ISWYDS exploring object detection using Darknet and YOLOv4 @Design Museum Gent

Object Stories and AI meet. Part II

Olivier Van D'huynslager
5 min readNov 8, 2020

As we explained in the earlier post, convolutional neural networks are helpful when it comes to classifying single objects. In practice, it allows for us to feed an image into the network and if all goes well it outputs its corresponding label or class (for instance the object-number of the object it relates to). Aside from the tons of data (images), you actually need for training such a CNN, it’s a fairly straight forward process developing one when using the TensorFlow APIs. [read here]. However, what we set out to achieve was not only to recognize objects in a given series of photographs or videos but also about localizing them, and even doing so for multiple objects at a time. This is what we’ll be looking at in this second part. Exit CNN- Enter R-CNN.

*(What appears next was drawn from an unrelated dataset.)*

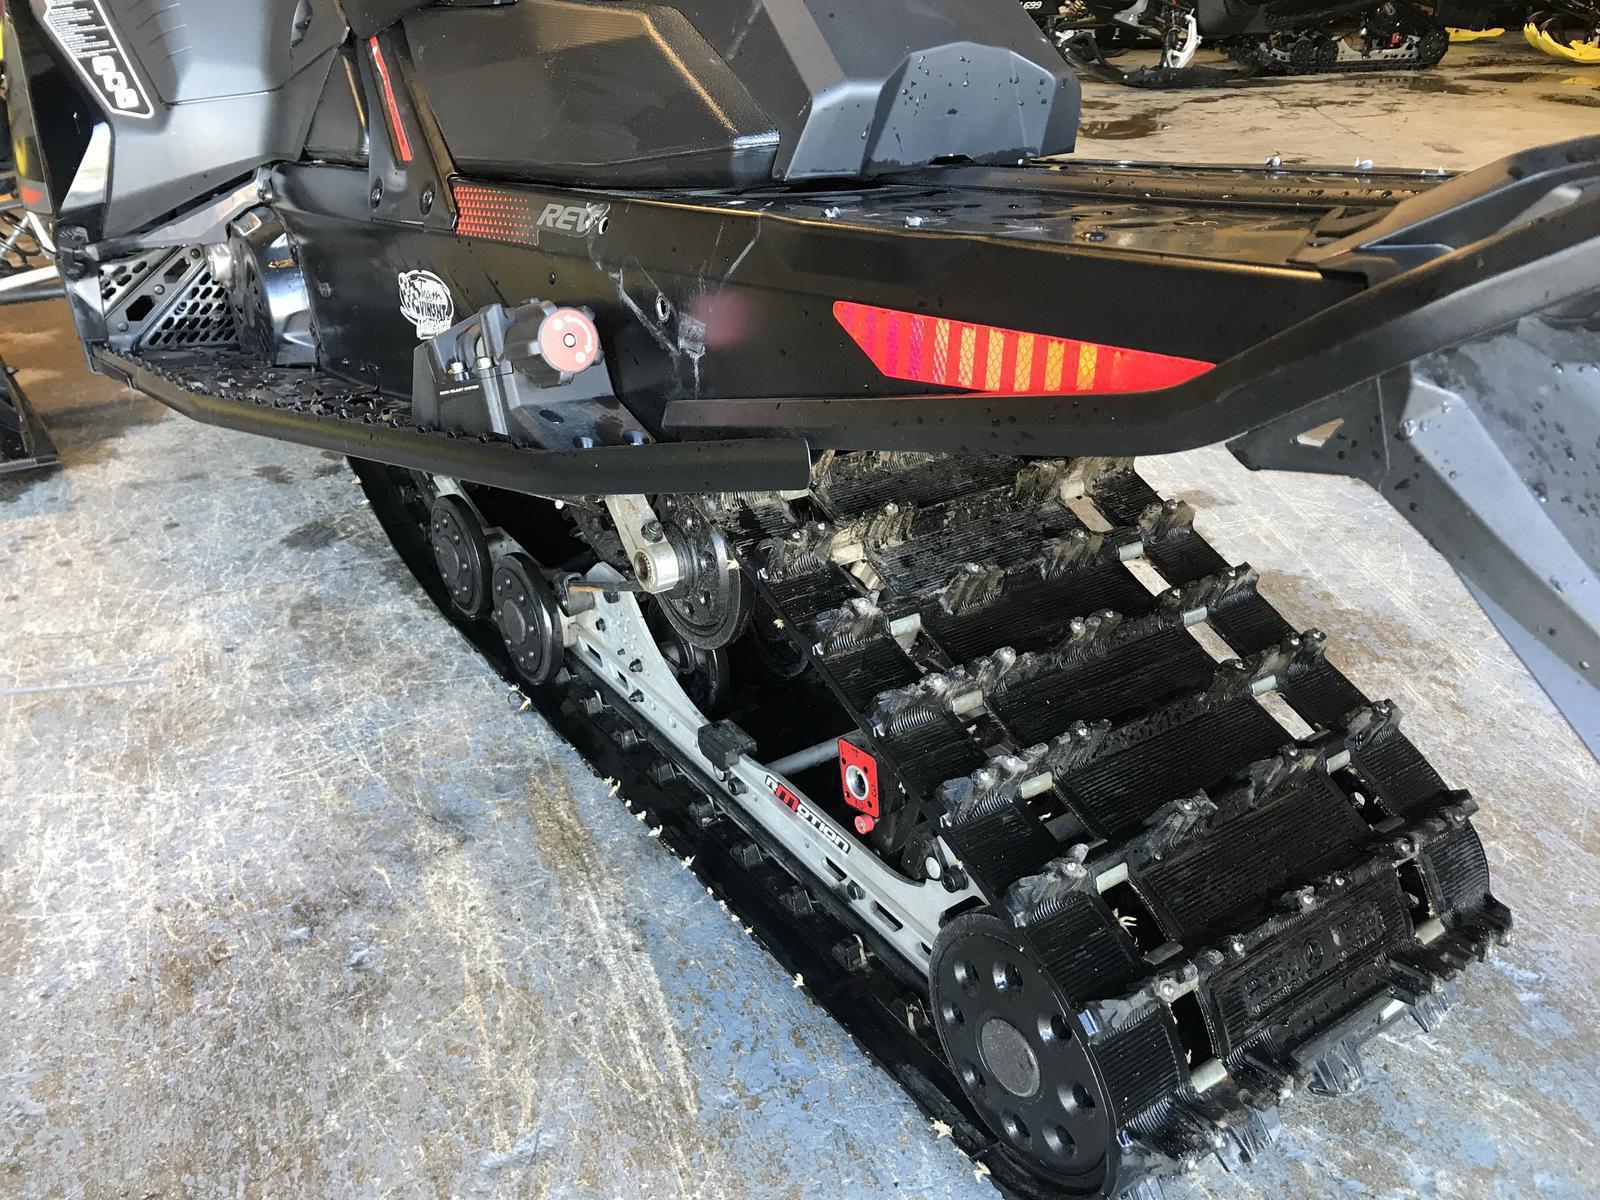 2017 Ski Doo MX Z X-PACKAGE 850 E-TEC w/ QAS   2 of 3

Regions with Convolutional Neural Networks or R-CNN combine rectangular region proposals [basically bounding boxes] with convolutional neural network (CNN) features. However, developing our very own model proved to be more challenging then we expected:

  • problem 1: the introduction of big data; deep learning needs tons of raw data. answer 1: I gathered 3000+ images of 37 different objects (let’s call those classes from here on out). — not nearly as much as I wanted, but I'll have to do for now. — (there are approx. 300 objects on display at Object Stories, the goal is to get them all).
  • problem 2: deep learning relies on heavy computing power (GPUs and TPUs) and for one, being a mac user, Apple does not like Nvidea, who also happens to be the producer of the GPUs we need. And even if they did, buying the necessary processors would be very expensive! answer 2: via Google Cloud VM we can harness the GPUs and TPUs at Google to do our own training, this is not local, and it does come with a price tag — but it works. At least as long as you’re not building something that competes with their own R&D. So if you’re trying to build a self-driving car, you can forget about it. (btw; you could train on CPU but it won’t take you far though).
  • problem 3; it still takes a long time to train our model. In this case, it took a whole day’ — and for this, the only answer is; find something else to do in the meantime.

As mentioned above — in order to train our model we will have to annotate all our images with classified regions. This is a tedious and time-consuming task, but it needs to be done. There are several tools to help us do so, LabelImg being one of them. This tool allows you to load in a directory of images, annotate them, and spits out an XML (pascal-VOC) containing our metadata.

labelImg is a great open-source tool to generate our bounding boxes.

After repeating these steps for all our images we landed on 3000+ images featuring 37 classes (some images containing over 15 classes).

Picking your guns.

When it comes to object detection there are many options to pick from, but for our case, we will be using Darknet an open-source neural network framework written in C and CUDA to train our algorithm of choice; YOLOv4. You Only Look Once or YOLO is a state-of-the-art, real-time object detection system making R-CNN look stale, it is extremely fast, more than 1000x faster than R-CNN, and 100x faster than Fast R-CNN. Another good thing about YOLO is that it’s public domain and based on the license we can do whatever we want to do with it...🧐

                        YOLO LICENSE
Version 2, July 29 2016

THIS SOFTWARE LICENSE IS PROVIDED "ALL CAPS" SO THAT YOU KNOW IT IS SUPER SERIOUS AND YOU DON'T MESS AROUND WITH COPYRIGHT LAW BECAUSE YOU WILL GET IN TROUBLE HERE ARE SOME OTHER BUZZWORDS COMMONLY IN THESE THINGS WARRANTIES LIABILITY CONTRACT TORT LIABLE CLAIMS RESTRICTION MERCHANTABILITY. NOW HERE'S THE REAL LICENSE:

0. Darknet is public domain.
1. Do whatever you want with it.
2. Stop emailing me about it!

That being said; after configuring our system and installing all the needed dependencies we can take her for a test ride — using some of the pre-trained algorithms that come out of the box, and see what she has to offer.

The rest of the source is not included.